--- START ---

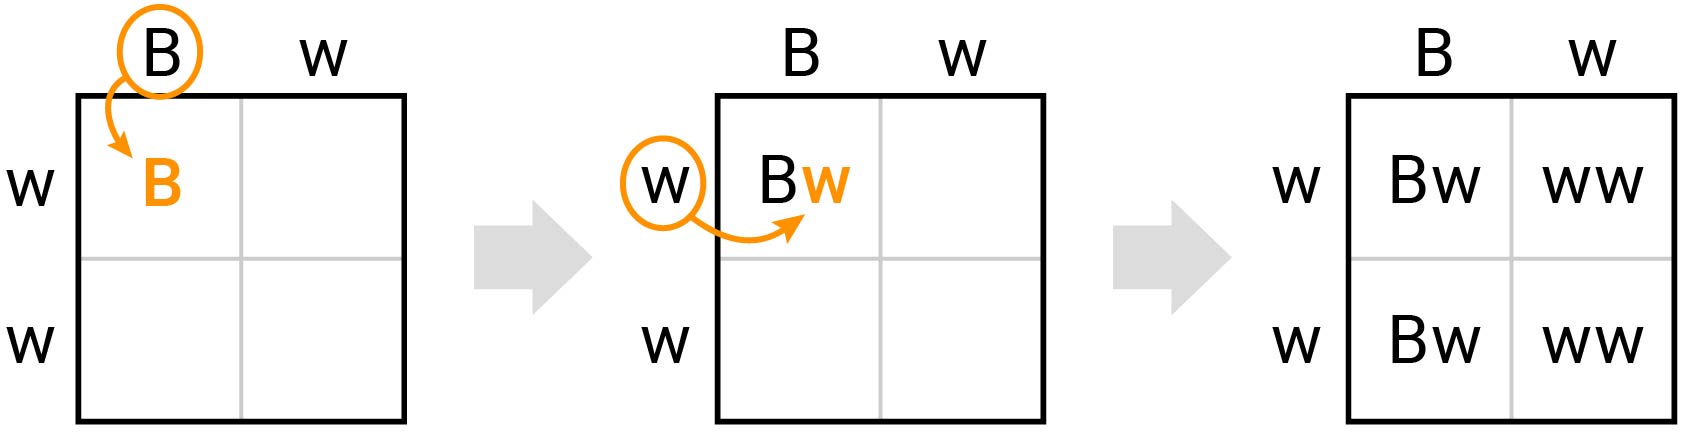 3 steps showing how to find the children's genotypes in a Punnett square. The top of the Punnett square has the parent alleles B in the first column and w in the second column. The left side of Punnett square has the parent alleles w in the first row and w in the second row. The first step shows how the B from the first parent goes into the upper left child square. The second step shows how the w from the second parent goes into the upper left child square. This makes the genotype of the first child Bw. The third step shows the rest of the children's genotypes complete. The upper right child is ww. The lower left child is Bw. The lower right child is ww.
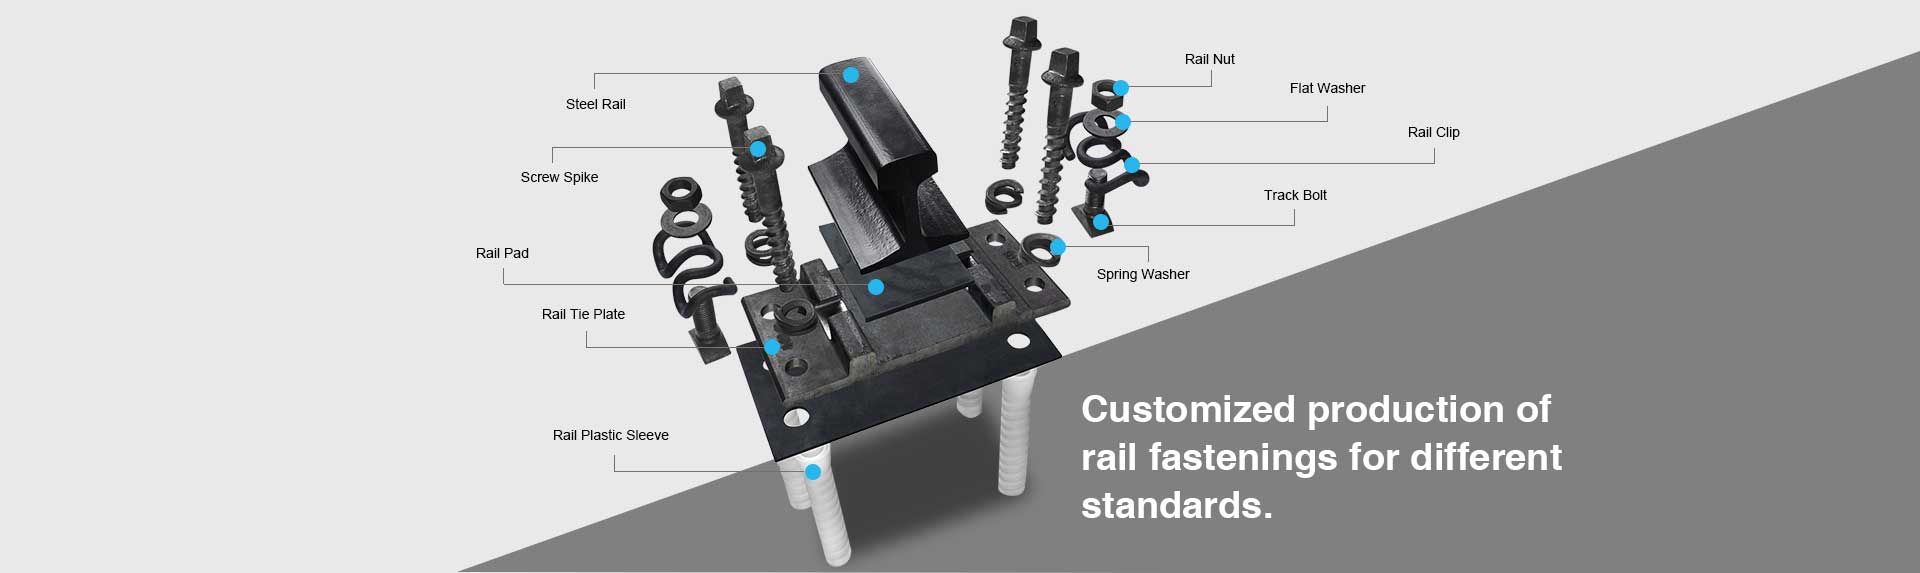 customized production of rail fasteners for various standards
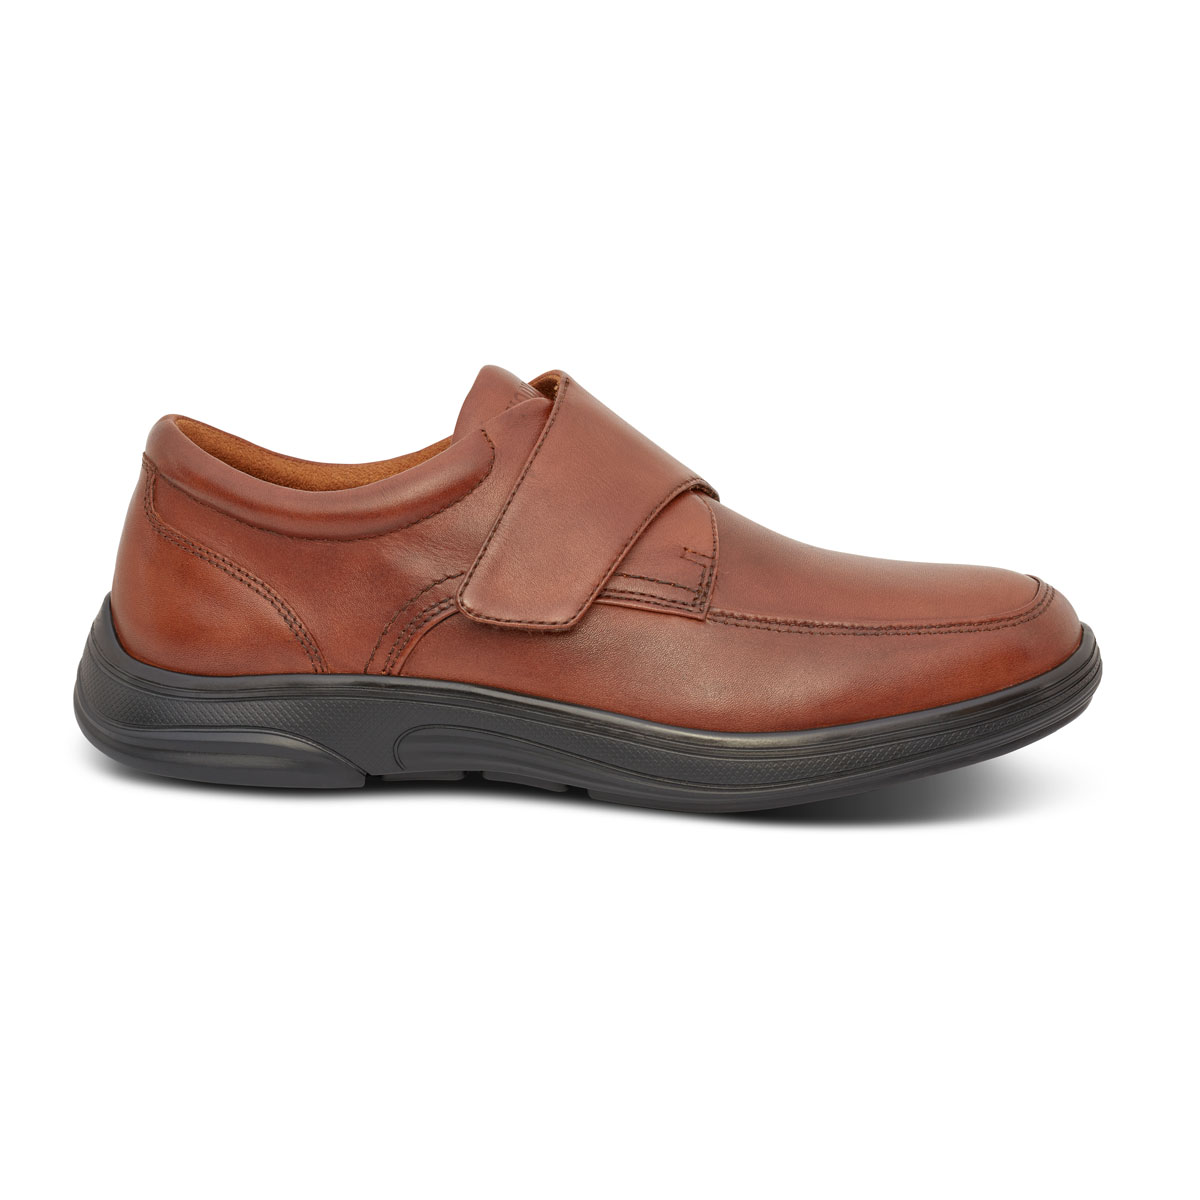 mens casual oxford shoes brown
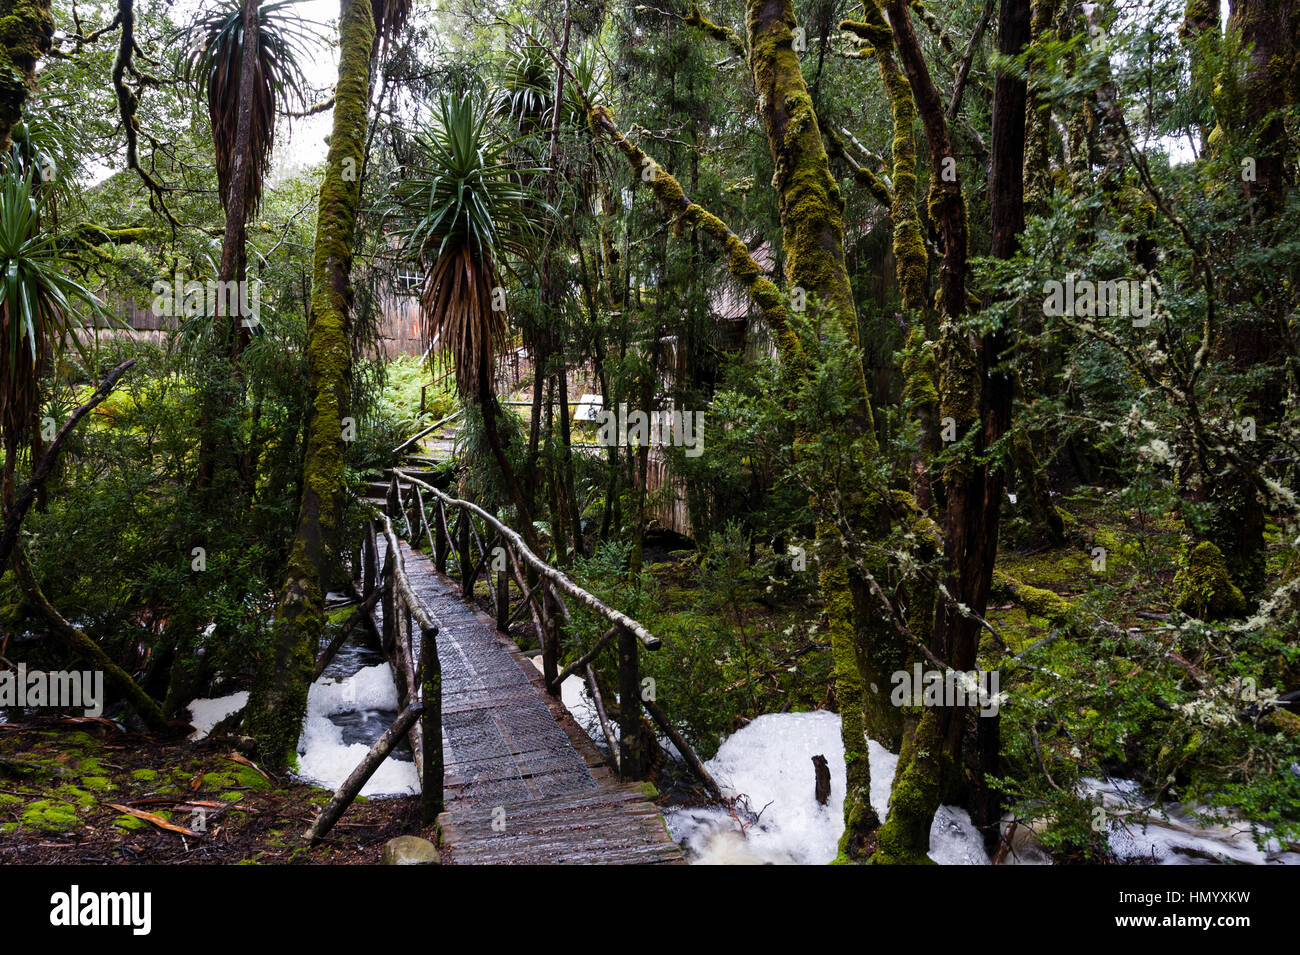 A timber footbridge crosses a swollen stream during a rainstorm in a cool temperate rainforest. Stock Photo
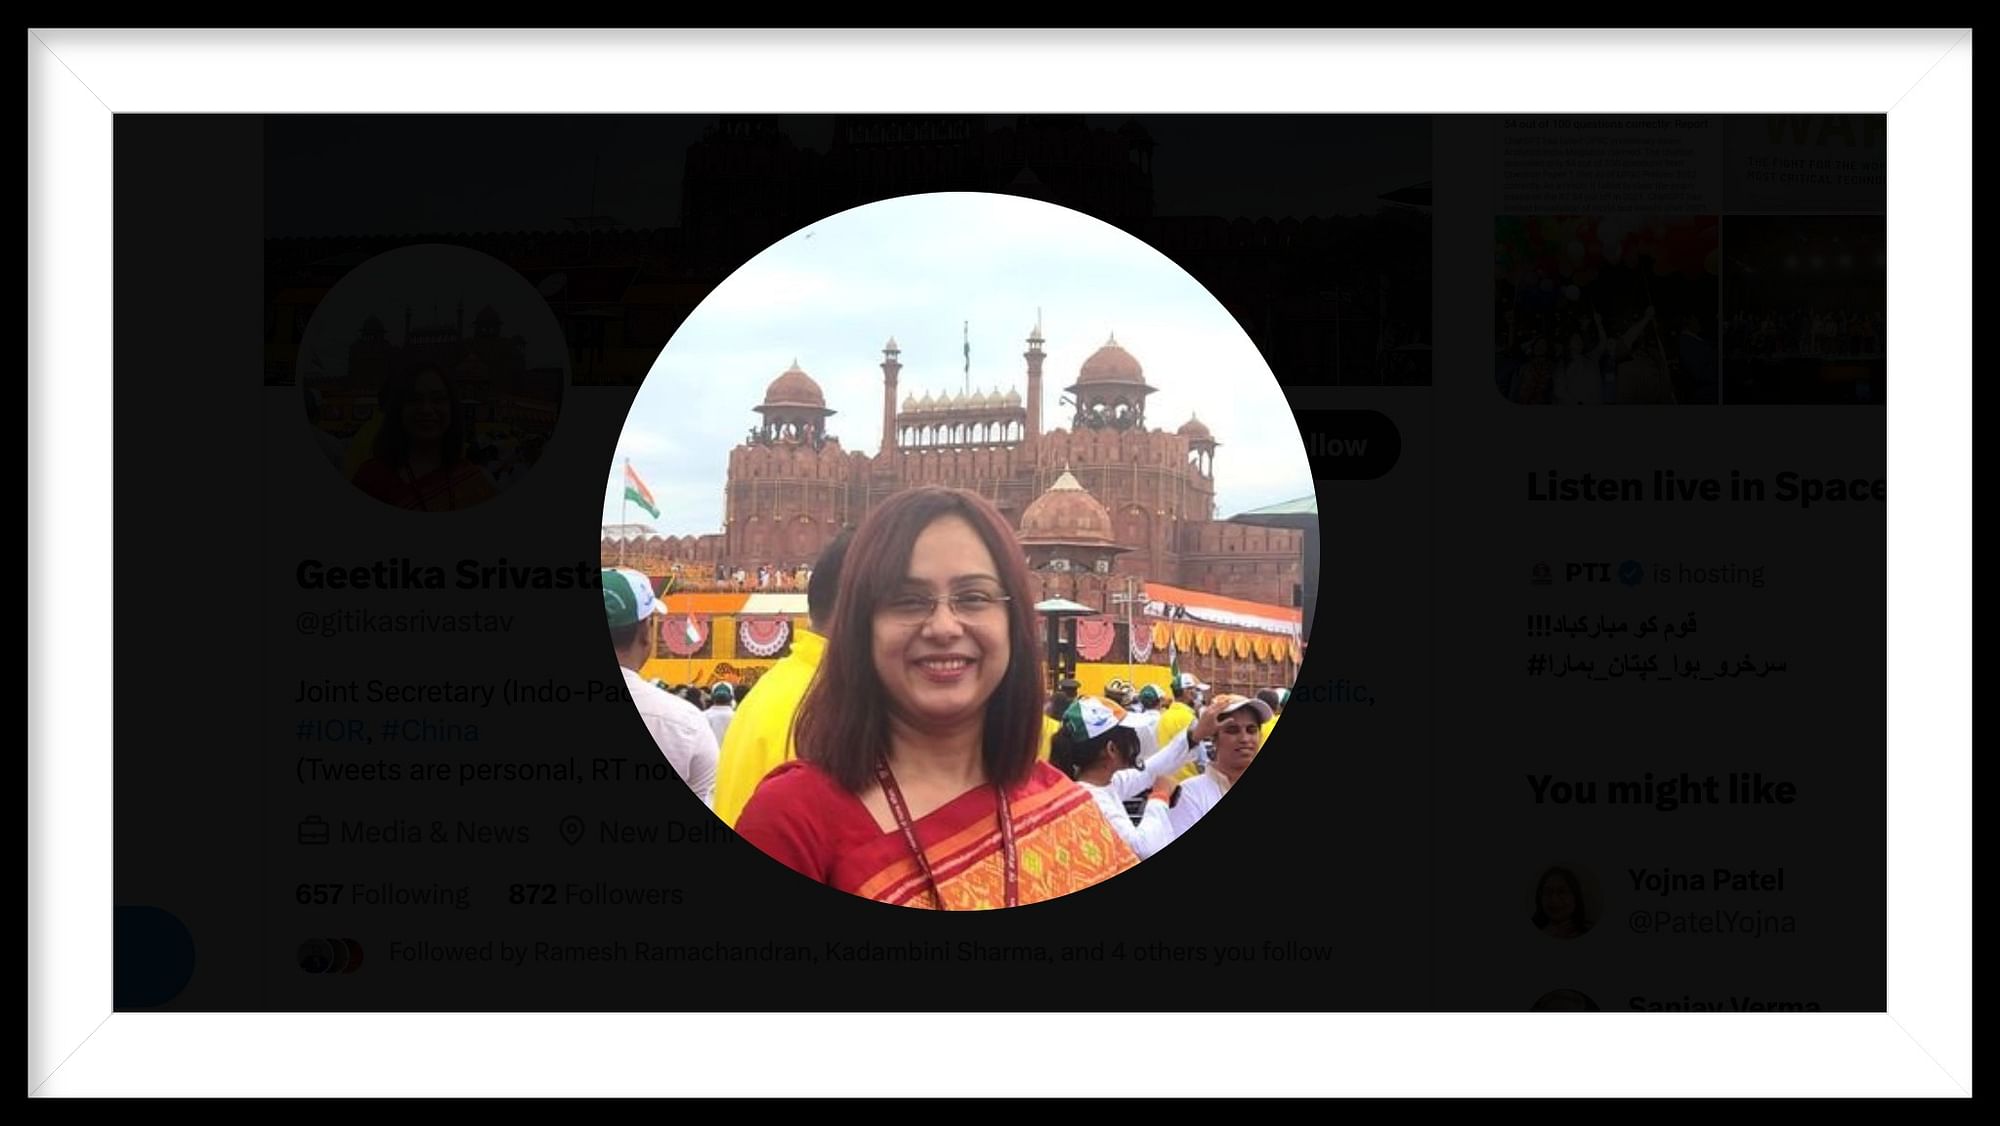 <div class="paragraphs"><p>Geetika Srivastava, currently serving in the Indo-Pacific division of the Ministry of External Affairs (<a href="https://www.thequint.com/news/india/parliamentary-committee-external-affairs-criticises-foreign-ministry-mea-jaishankar">MEA</a>), will be the new chargé d'affaires at its High Commission in Islamabad, becoming the first woman to hold that post. She will succeed Dr M Suresh Kumar who is likely to return to New Delhi.</p></div>
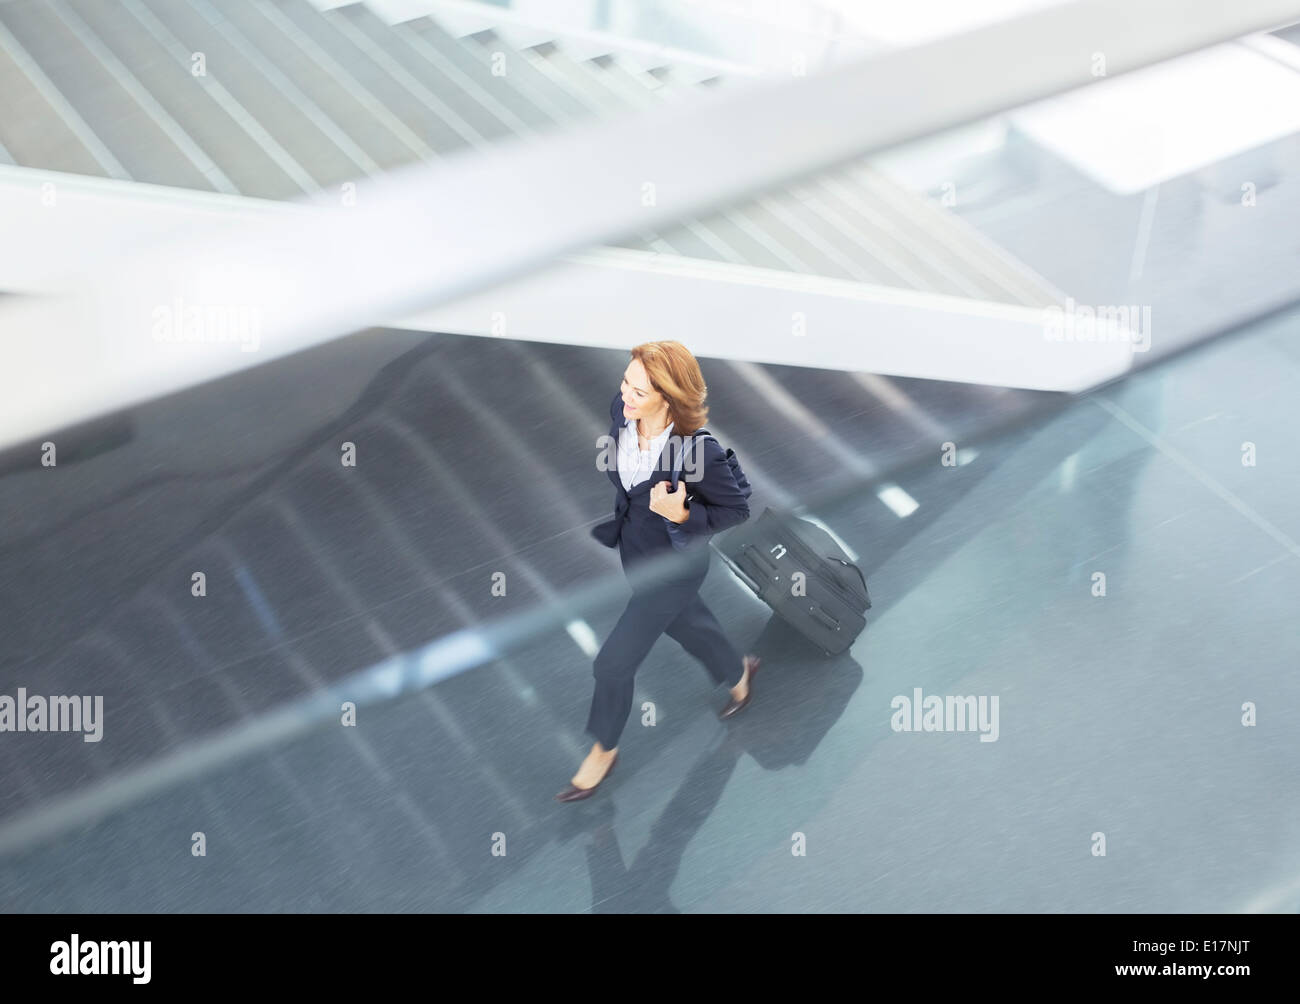 Businesswoman pulling suitcase in lobby Stock Photo

--- END ---

**EXERCISE REQUIREMENTS:** Exclude all pictures and return precisely the lines from the one containing "A timber footbridge" through the closing line of the data.

**RESPONSE TO THIS TASK:**
 A timber footbridge crosses a swollen stream during a rainstorm in a cool temperate rainforest. Stock Photo
 <div class="paragraphs"><p>Geetika Srivastava, currently serving in the Indo-Pacific division of the Ministry of External Affairs (<a href="https://www.thequint.com/news/india/parliamentary-committee-external-affairs-criticises-foreign-ministry-mea-jaishankar">MEA</a>), will be the new chargé d'affaires at its High Commission in Islamabad, becoming the first woman to hold that post. She will succeed Dr M Suresh Kumar who is likely to return to New Delhi.</p></div>
 Businesswoman pulling suitcase in lobby Stock Photo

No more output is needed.